6.       Events of Default. As used herein, an “Event of Default” shall mean the occurrence of an Event of Default under the Credit Agreement.

 

7.       Rights and Remedies of Secured Parties. Upon the occurrence and during the continuance of any Event of Default, the Agent and the other Secured Parties shall have the following rights and remedies:

 

(a)       All rights and remedies provided by law, including, without limitation, those provided by the UCC;

 

 

 

(b)       All rights and remedies provided in this Agreement; and

 

(c)       All rights and remedies provided in the Credit Agreement, in the other Transaction Documents or in any other agreement, document or instrument pertaining to the Secured Obligations.

 

8.       Royalty Free License. Upon the occurrence and during the continuance of any Event of Default, the Agent has the right to dispose of any of the Collateral which is subject to a Patent, Trademark or Copyright which any of the Grantors own or control through a license or otherwise, and such Grantor grants to the Secured Parties a royalty free license (to the extent such rights are assignable) to use any such Patent, Trademark or Copyright, in addition to the grant of any security interest granted to the Secured Parties in such Patent, Trademark or Copyright (if any) to dispose of any such Collateral.

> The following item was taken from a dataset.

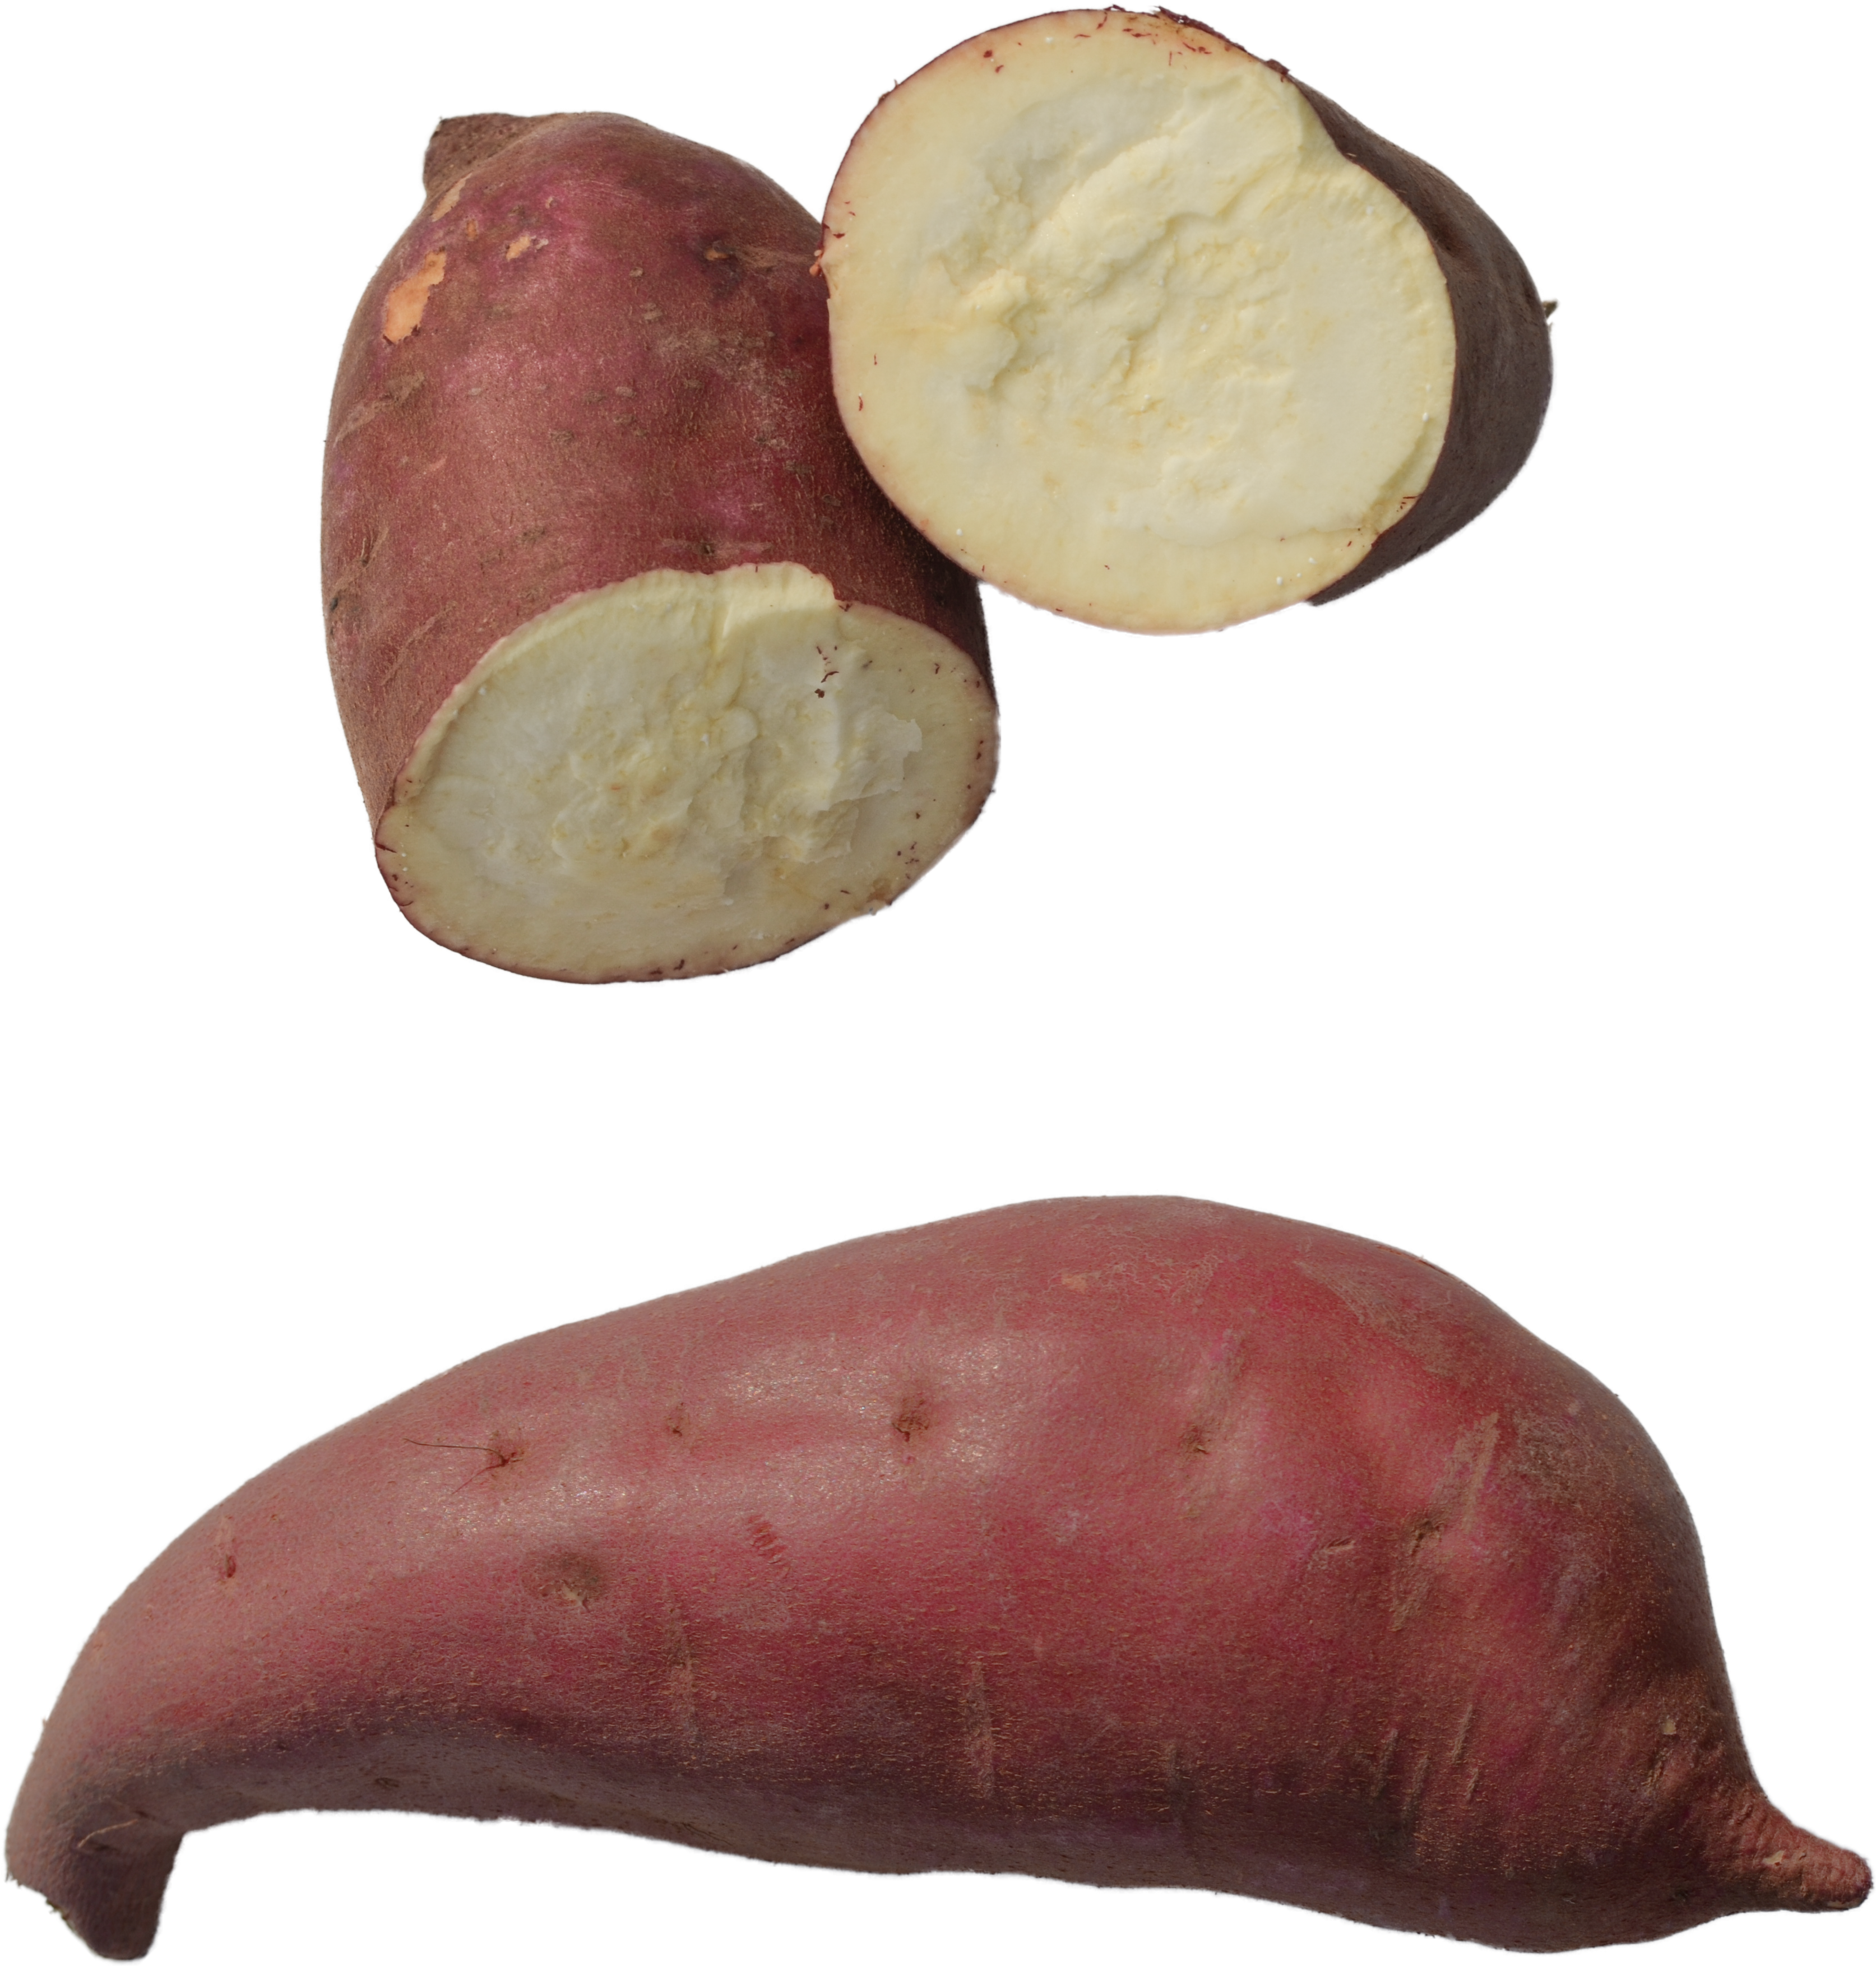 A Close Up Of A Sweet Potato

Such royalty free license shall extend to any person or persons purchasing such Collateral from the Secured Parties.

 

9.       Right of Agent to Dispose of Collateral, etc. Upon the occurrence and during the continuance of any Event of Default, but subject to the provisions of the UCC or other applicable law (except as waived herein to the extent permitted by Applicable Law), the Agent shall have the right to take possession of the Collateral. The Agent may require the Grantors to make the Collateral available to the Agent at a place to be designated in writing by the Agent or transfer any information related to the Collateral to the Agent by electronic medium. Unless the Collateral is perishable or threatens to decline speedily in value or is of a type customarily sold on a recognized market, the Agent will give the Grantors at least 10 days’ prior written notice in accordance with Section 21 hereof of the time and place of any public sale thereof or of the time after which any private sale or any other intended disposition thereof is to be made. Any such notice shall be deemed to meet any requirement hereunder or under any applicable law (including the UCC) that reasonable notification be given of the time and place of such sale or other disposition. The Agent may comply with any applicable state or federal law requirements in connection with a disposition of the Collateral and compliance will not be considered adversely to affect the commercial reasonableness of any sale of the Collateral.

 

10.       Right of Agent to Use and Operate Collateral, etc. Upon the occurrence and during the continuance of any Event of Default, but subject to the provisions of the UCC or other Applicable Law, the Agent shall have the right and power to (a) take possession of all or any part of the Collateral, and to exclude the Grantors and all persons claiming under the Grantors wholly or partly therefrom, and thereafter to hold, store, and/or use, operate, manage and control the same and (b) grant a license to use, or cause to be granted a license to use, any or all of the Intellectual Property (in the case of Trademarks, along with the goodwill associated therewith, and in the case of Trademark licenses, subject to the quality control provisions of the original licenses) constituting Collateral or any part thereof, in each case free of all rights and claims of the Grantors therein and thereto. Upon any such taking of possession, the Agent may, from time to time, at the expense of the Grantors, make all such repairs, replacements, alterations, additions and improvements to and of the Collateral as the Agent may deem proper. In any such case the Agent shall have the right to manage and control the Collateral and to carry on the business and to exercise all rights and powers of the Grantors in respect thereto as the Agent shall deem best, including the right to enter into any and all such agreements with respect to the operation of the Collateral or any part thereof as the Agent may see fit; and the Agent shall be entitled to collect and receive all rents, issues, profits, fees, revenues and other income of the same and every part thereof. Such rents, issues, profits, fees, revenues and other income shall be applied to pay the expenses of holding and operating the Collateral and of conducting the business thereof, and of all maintenance, repairs, replacements, alterations, additions and improvements, and to make all payments which the Agent may be required or may reasonably elect to make, if any, for taxes, assessments, insurance and other charges upon the Collateral or any part thereof, and all other payments which the Agent may be required or authorized to make under any provision of this Agreement (including legal costs and reasonable and documented out-of-pocket attorneys’ fees). The remainder of such rents, issues, profits, fees, revenues and other income shall be applied as provided in Section 12 hereof.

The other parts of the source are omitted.